By 2025, nearly all models from GM’s global brands in China – Buick, Cadillac and Chevrolet – will offer electrification technology. To support GM’s growing NEV fleet planned for China, its SAIC-GM joint venture is opening a new battery assembly plant in Shanghai this year.
For years, automakers committed resources to protecting passengers when crashes happen. GM believes self-driving cars can significantly avoid accidents and crashes caused by human behavior, and eventually lead to safer transportation.
To get to this future, GM is pursuing both an evolutionary path with technologies such as Super Cruise, and a revolutionary path with the state-of-the-art autonomous vehicles.
In June, GM became the first automaker to use mass-production methods for autonomous vehicles. One hundred-thirty autonomous test vehicles equipped with GM’s next generation of self-driving technology were produced at Orion Assembly Plant in Michigan and joined the more than 50 autonomous vehicles already deployed in testing fleets in San Francisco; Scottsdale, Arizona; and metro Detroit.

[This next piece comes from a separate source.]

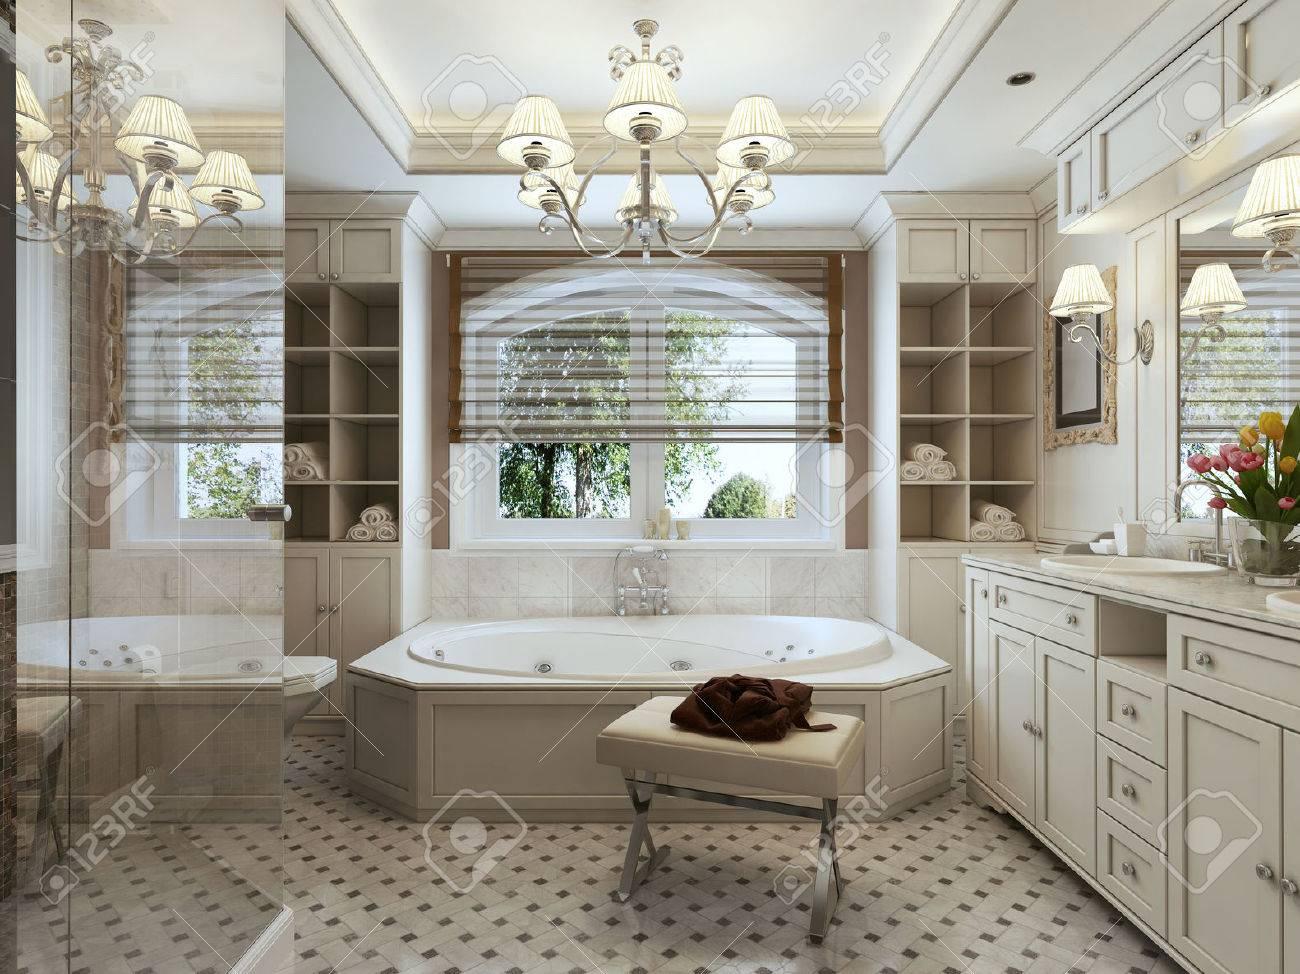 Salle de bains Art déco. 3d render

In the meantime, GM is developing advanced driver assist systems that will form the foundation for self-driving vehicles. GM has been testing and validating Super Cruise hand-free driving assistance technology in the U.S. and China. It will first be rolled out this fall in the U.S. in the Cadillac CT6 and introduced in a future Cadillac product in China.
Connectivity and sharing relieves congestion
According to Barra, customers do not just appreciate connected vehicles, they demand them. Shared, autonomous vehicles have the potential to greatly reduce congestion in large cities such as Shanghai while still providing on-demand transportation.
GM has been a leader in the connectivity space for more than 20 years through OnStar. In China, OnStar already has more than a million customers. GM’s goal is to have all of its Cadillac, Buick and Chevrolet models in China connected by 2020.
This is setting the stage for deploying connected vehicle technology to improve safety and relieve congestion by allowing vehicles to communicate with one another and the infrastructure.
Vehicle to Everything (V2X) represents one of GM’s most promising solutions. GM has been helping lead the development of China’s V2X application layer standard. It is also one of the authors of the China Intelligent and Connected Vehicle Road Map, which provides a guideline for the R&D activities of manufacturers and future policy development by the government.
GM’s investment in China’s leading car-sharing technology provider Yi Wei Xing and a vehicle sharing pilot program with Shanghai Jiao Tong University, which completed in May, are helping GM to better understand how customers in China can use urban mobility vehicles in a real-world setting and a vehicle-sharing arrangement – to turn potential sustainable mobility solutions into reality.
“GM and our joint ventures are committed to providing world-class products for our customers in China, as well as the technical and business expertise to lead in the future of personal mobility.” said Barra. “No single company or organization has all the answers to the challenges we currently face or expect to face in the future.”